Now distinct instances are created by calling the Stack class like a function. In most respects, the Stack class implements operations exactly like the stack module in Example 17-1. But here, access to the stack is qualified by self, the subject instance object. Each instance has its own stack attribute, which refers to the instance's own list. Furthermore, instance stacks are created and initialized in the __init__ constructor method, not when the module is imported. Let's make a couple of stacks to see how this all works in practice:

>>> from stack2 import Stack
>>> x = Stack(  )                   # make a stack object, push items
>>> x.push('spam')
>>> x.push(123)
>>> x                             # __repr__ prints a stack
[Stack:[123, 'spam']]

>>> y = Stack(  )                   # two distinct stacks objects
>>> y.push(3.1415)                # they do not share content
>>> y.push(x.pop(  ))
>>> x, y
([Stack:['spam']], [Stack:[123, 3.1415]])

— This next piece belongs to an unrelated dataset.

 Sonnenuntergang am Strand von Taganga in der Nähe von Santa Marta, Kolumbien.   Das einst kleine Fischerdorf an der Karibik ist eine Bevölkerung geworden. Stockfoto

>>> z = Stack(  )                   # third distinct stack object
>>> for c in 'spam': z.push(c)
...
>>> while z: print z.pop(  ),       # __len__ tests stack truth
...
m a p s

>>> z = x + y                     # __add__ handles stack +
>>> z                             # holds three different types
[Stack:['spam', 123, 3.1415]]
>>> for item in z: print item,    # __getitem__ does for
...
spam 123 3.1415

Like lists and dictionaries, Stack defines both methods and operators for manipulating instances by attribute qualification and expressions. Additionally, it defines the __getattr__ metaclass method to intercept references to attributes not defined in the class and to route them to the wrapped list object (to support list methods: sort, append, reverse, etc.). Many of the module's operations become operators in the class. Table 17-2 shows the equivalence of module and class operations (columns 1 and 2) and gives the class method that comes into play for each (column 3).

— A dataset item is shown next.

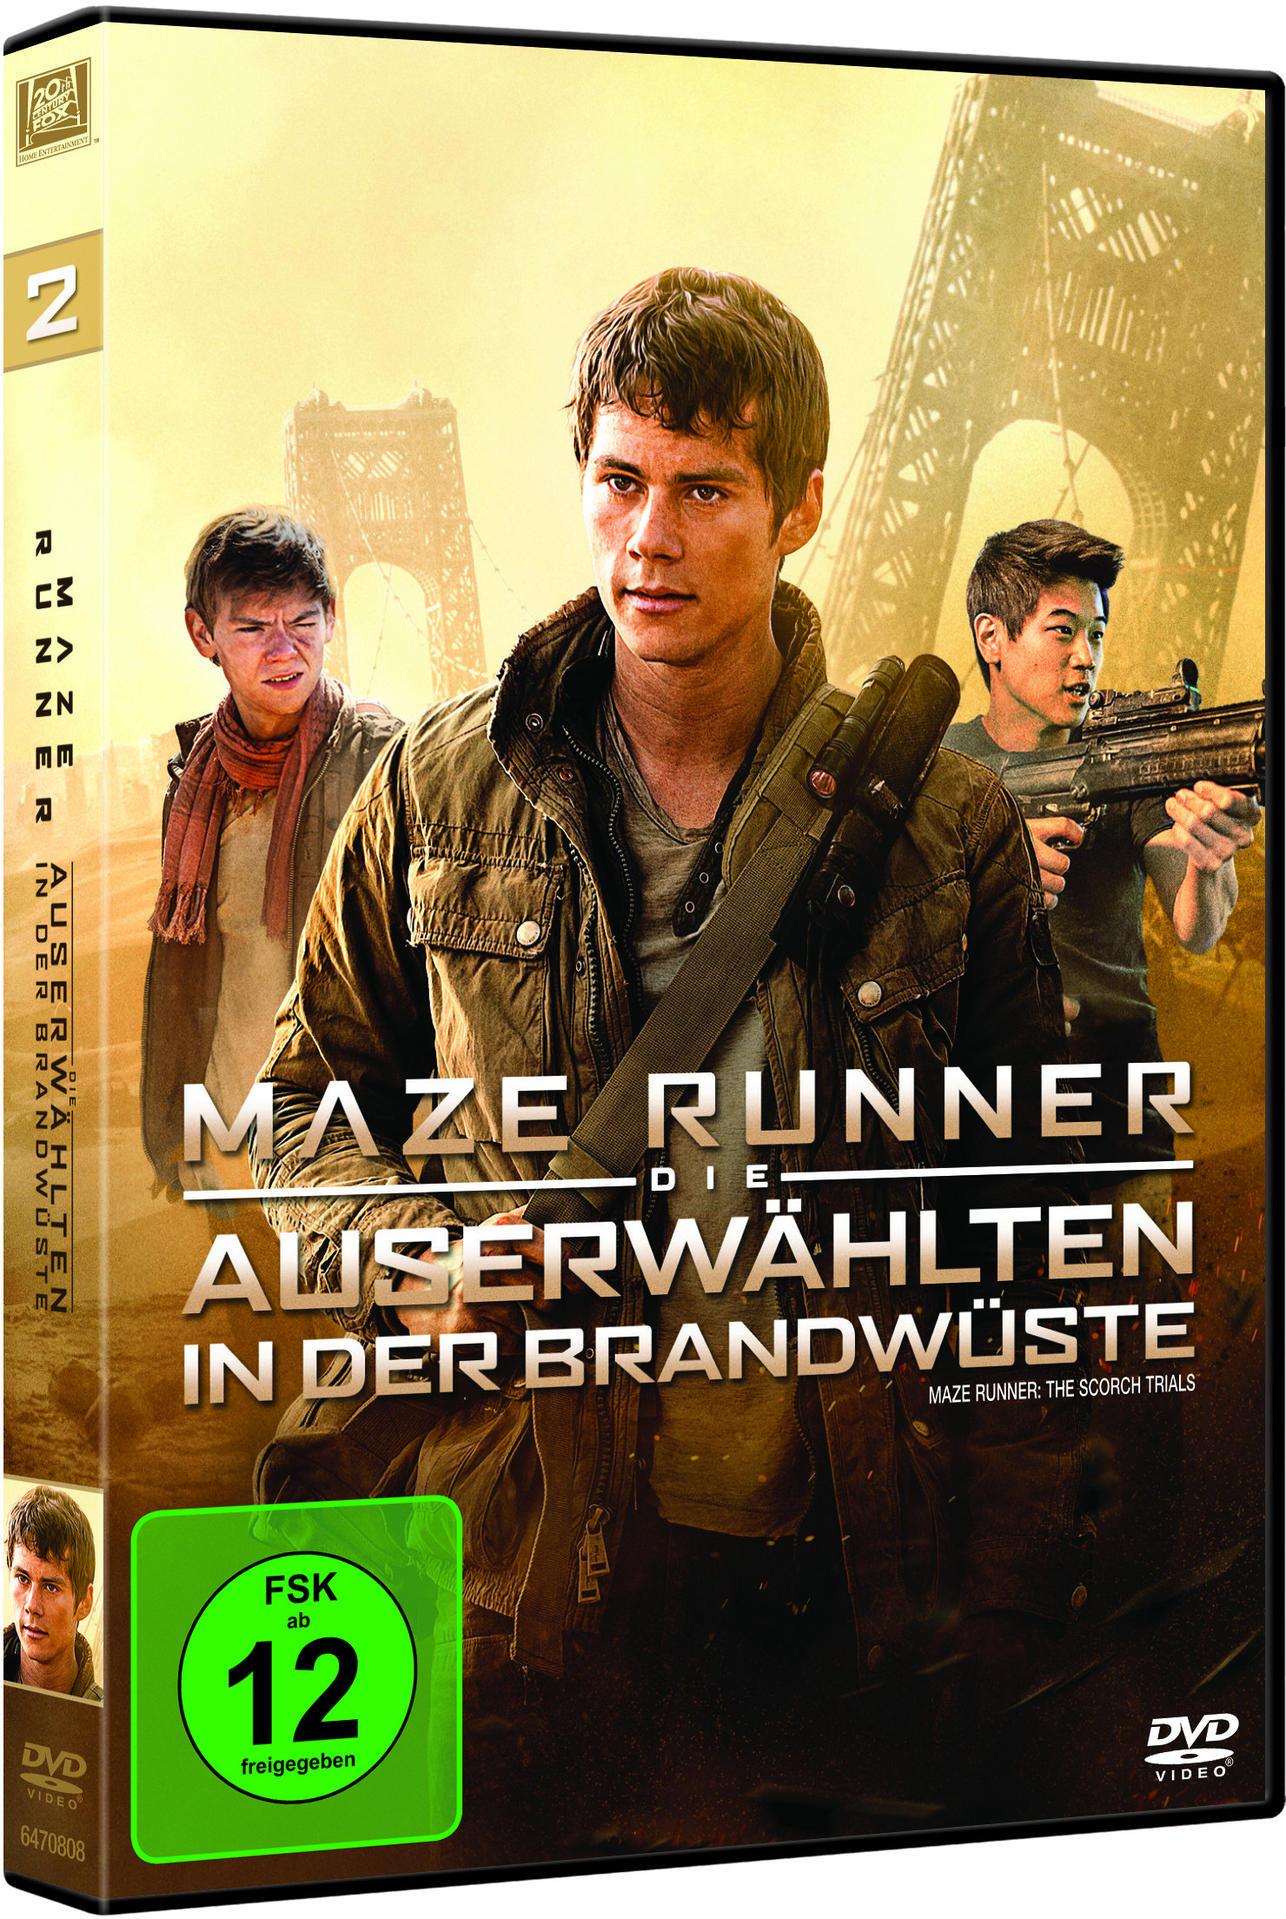 2 - Auserwählten Brandwüste in DVD Runner Maze Die der

Table 17-2. Module/Class Operation Comparison

Module Operations

Class Operations

Class Method

module.empty( )

not instance

__len__

module.member(x)

x in instance

__getitem__

module.item(i)

instance[i]

__getitem__

module.length( )

len(instance)

__len__

module.dump( )

print instance

__repr__

range( ) counter loops

for x in instance

__getitem__

manual loop logic

instance + instance

__add__

module.stack.reverse( )

instance.reverse( )

__getattr__

module.push/pop/top

instance.push/pop/top

push/pop/top

In effect, classes let us extend Python's set of built-in types with reusable types implemented in Python modules. Class-based types may be used just like built-in types: depending on which operation methods they define, classes can implement numbers, mappings, and sequences, and may be mutable or not. Class-based types may also fall somewhere in between these categories.

17.2.3 Customization: Performance Monitors

So far we've seen how classes support multiple instances and integrate better with Python's object model by defining operator methods. One of the other main reasons for using classes is to allow for future extensions and customizations. By implementing stacks with a class, we can later add subclasses that specialize the implementation for new demands.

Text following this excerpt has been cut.